[Records excerpted from a collection]
__________

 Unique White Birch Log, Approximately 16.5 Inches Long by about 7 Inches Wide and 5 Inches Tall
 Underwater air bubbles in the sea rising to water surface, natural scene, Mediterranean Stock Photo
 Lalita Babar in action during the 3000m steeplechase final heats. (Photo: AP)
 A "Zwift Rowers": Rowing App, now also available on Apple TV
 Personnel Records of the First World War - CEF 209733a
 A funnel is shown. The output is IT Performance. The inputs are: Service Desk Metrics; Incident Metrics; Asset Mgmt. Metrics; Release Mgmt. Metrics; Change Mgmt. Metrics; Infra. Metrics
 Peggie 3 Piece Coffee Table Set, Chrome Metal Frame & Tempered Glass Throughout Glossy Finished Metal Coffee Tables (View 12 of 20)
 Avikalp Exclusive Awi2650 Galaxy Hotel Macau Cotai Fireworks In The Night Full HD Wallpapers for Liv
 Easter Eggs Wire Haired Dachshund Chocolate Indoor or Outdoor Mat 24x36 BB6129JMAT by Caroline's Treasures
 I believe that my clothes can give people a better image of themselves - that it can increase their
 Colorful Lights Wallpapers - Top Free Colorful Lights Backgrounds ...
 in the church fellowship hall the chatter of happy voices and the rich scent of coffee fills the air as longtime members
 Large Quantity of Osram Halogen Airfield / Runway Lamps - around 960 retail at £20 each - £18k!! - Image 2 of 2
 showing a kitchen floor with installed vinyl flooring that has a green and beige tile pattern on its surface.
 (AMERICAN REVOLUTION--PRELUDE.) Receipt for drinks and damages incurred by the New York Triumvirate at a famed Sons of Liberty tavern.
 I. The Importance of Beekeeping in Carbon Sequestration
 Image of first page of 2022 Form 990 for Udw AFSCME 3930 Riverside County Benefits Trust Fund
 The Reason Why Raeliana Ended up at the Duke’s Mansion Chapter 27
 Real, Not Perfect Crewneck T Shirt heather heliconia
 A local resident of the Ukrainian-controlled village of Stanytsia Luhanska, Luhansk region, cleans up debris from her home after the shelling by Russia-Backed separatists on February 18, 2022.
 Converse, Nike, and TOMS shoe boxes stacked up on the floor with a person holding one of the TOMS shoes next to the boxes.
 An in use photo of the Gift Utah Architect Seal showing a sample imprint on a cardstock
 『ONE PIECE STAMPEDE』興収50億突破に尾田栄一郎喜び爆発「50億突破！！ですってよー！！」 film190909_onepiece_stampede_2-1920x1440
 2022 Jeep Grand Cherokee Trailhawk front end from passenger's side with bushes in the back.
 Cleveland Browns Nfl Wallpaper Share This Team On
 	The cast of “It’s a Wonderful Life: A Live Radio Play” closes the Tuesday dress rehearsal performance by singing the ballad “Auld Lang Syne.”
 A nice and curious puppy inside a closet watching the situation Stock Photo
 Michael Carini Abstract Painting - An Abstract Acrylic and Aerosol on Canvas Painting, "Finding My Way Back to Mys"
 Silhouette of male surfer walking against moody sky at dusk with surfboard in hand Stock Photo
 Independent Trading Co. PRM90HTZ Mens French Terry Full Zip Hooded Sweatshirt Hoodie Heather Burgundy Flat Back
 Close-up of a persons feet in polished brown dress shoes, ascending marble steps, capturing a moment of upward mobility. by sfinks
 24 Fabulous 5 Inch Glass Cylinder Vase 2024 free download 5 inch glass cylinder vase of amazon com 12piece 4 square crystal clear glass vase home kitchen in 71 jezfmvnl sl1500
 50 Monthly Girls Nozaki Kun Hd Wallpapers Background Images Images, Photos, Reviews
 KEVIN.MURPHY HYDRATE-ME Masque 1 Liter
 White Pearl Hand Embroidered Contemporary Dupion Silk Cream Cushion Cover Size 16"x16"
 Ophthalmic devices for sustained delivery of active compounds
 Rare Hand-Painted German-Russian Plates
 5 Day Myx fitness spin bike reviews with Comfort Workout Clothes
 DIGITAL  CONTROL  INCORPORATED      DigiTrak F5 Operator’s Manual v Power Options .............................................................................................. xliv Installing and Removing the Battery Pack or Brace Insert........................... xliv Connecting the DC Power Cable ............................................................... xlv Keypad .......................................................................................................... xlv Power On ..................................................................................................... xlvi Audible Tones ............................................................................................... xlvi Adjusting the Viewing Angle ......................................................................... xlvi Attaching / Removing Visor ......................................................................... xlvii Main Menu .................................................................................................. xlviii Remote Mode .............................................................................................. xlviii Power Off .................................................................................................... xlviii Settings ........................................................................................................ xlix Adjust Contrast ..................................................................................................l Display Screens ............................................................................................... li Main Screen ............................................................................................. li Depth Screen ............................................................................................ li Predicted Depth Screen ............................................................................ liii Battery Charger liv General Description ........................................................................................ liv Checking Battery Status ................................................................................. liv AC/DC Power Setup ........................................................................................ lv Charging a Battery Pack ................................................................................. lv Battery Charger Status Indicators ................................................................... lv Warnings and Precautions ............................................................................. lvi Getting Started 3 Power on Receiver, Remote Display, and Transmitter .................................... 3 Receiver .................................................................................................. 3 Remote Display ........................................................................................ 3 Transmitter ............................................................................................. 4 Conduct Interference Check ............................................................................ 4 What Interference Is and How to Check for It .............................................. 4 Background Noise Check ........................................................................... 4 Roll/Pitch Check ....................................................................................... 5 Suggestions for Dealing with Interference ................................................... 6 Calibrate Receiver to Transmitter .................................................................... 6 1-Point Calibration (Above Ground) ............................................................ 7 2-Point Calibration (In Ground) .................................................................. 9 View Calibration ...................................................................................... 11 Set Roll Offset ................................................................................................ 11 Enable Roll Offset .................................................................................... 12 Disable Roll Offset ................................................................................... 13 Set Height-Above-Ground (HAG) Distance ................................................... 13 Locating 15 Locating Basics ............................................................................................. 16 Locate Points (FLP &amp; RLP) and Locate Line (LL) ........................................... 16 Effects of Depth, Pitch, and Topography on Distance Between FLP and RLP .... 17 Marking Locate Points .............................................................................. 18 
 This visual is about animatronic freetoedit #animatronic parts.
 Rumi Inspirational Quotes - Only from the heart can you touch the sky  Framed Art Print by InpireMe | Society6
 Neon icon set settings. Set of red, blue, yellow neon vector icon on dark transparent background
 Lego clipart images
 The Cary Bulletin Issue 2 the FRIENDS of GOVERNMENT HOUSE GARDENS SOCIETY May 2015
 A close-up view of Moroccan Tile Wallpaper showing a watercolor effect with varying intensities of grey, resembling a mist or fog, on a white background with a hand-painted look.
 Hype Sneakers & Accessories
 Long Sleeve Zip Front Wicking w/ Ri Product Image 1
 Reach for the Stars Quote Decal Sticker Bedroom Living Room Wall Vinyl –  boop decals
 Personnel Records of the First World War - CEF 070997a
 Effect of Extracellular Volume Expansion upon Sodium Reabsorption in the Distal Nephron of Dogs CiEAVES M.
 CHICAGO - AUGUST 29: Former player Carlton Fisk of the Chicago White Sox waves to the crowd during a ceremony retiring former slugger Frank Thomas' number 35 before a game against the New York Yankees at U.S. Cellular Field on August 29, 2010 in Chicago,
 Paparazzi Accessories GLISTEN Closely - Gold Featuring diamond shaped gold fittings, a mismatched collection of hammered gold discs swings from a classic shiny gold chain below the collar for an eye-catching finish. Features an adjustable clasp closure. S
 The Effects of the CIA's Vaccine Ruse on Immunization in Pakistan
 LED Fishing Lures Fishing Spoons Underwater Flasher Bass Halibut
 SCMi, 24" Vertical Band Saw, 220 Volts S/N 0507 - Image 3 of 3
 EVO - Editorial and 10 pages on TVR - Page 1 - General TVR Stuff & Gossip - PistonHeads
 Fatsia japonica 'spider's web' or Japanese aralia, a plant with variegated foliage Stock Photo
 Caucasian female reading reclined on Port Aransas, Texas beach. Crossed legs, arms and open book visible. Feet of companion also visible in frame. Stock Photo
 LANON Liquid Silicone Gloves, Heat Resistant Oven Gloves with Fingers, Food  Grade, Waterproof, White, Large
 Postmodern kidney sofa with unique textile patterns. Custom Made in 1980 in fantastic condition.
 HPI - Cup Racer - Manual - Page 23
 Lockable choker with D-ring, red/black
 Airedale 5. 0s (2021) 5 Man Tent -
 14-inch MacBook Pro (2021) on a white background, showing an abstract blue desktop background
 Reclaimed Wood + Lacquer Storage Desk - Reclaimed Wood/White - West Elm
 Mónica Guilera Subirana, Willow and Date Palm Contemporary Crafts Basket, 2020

__________

▶ **DIRECTIONS**: Look above for the line with "I believe that"; retype exactly that line, every line after it up to the line with "Real, Not Perfect", and that line too, nothing else.

▶ **ANSWER FOR THIS EXERCISE**:
 I believe that my clothes can give people a better image of themselves - that it can increase their
 Colorful Lights Wallpapers - Top Free Colorful Lights Backgrounds ...
 in the church fellowship hall the chatter of happy voices and the rich scent of coffee fills the air as longtime members
 Large Quantity of Osram Halogen Airfield / Runway Lamps - around 960 retail at £20 each - £18k!! - Image 2 of 2
 showing a kitchen floor with installed vinyl flooring that has a green and beige tile pattern on its surface.
 (AMERICAN REVOLUTION--PRELUDE.) Receipt for drinks and damages incurred by the New York Triumvirate at a famed Sons of Liberty tavern.
 I. The Importance of Beekeeping in Carbon Sequestration
 Image of first page of 2022 Form 990 for Udw AFSCME 3930 Riverside County Benefits Trust Fund
 The Reason Why Raeliana Ended up at the Duke’s Mansion Chapter 27
 Real, Not Perfect Crewneck T Shirt heather heliconia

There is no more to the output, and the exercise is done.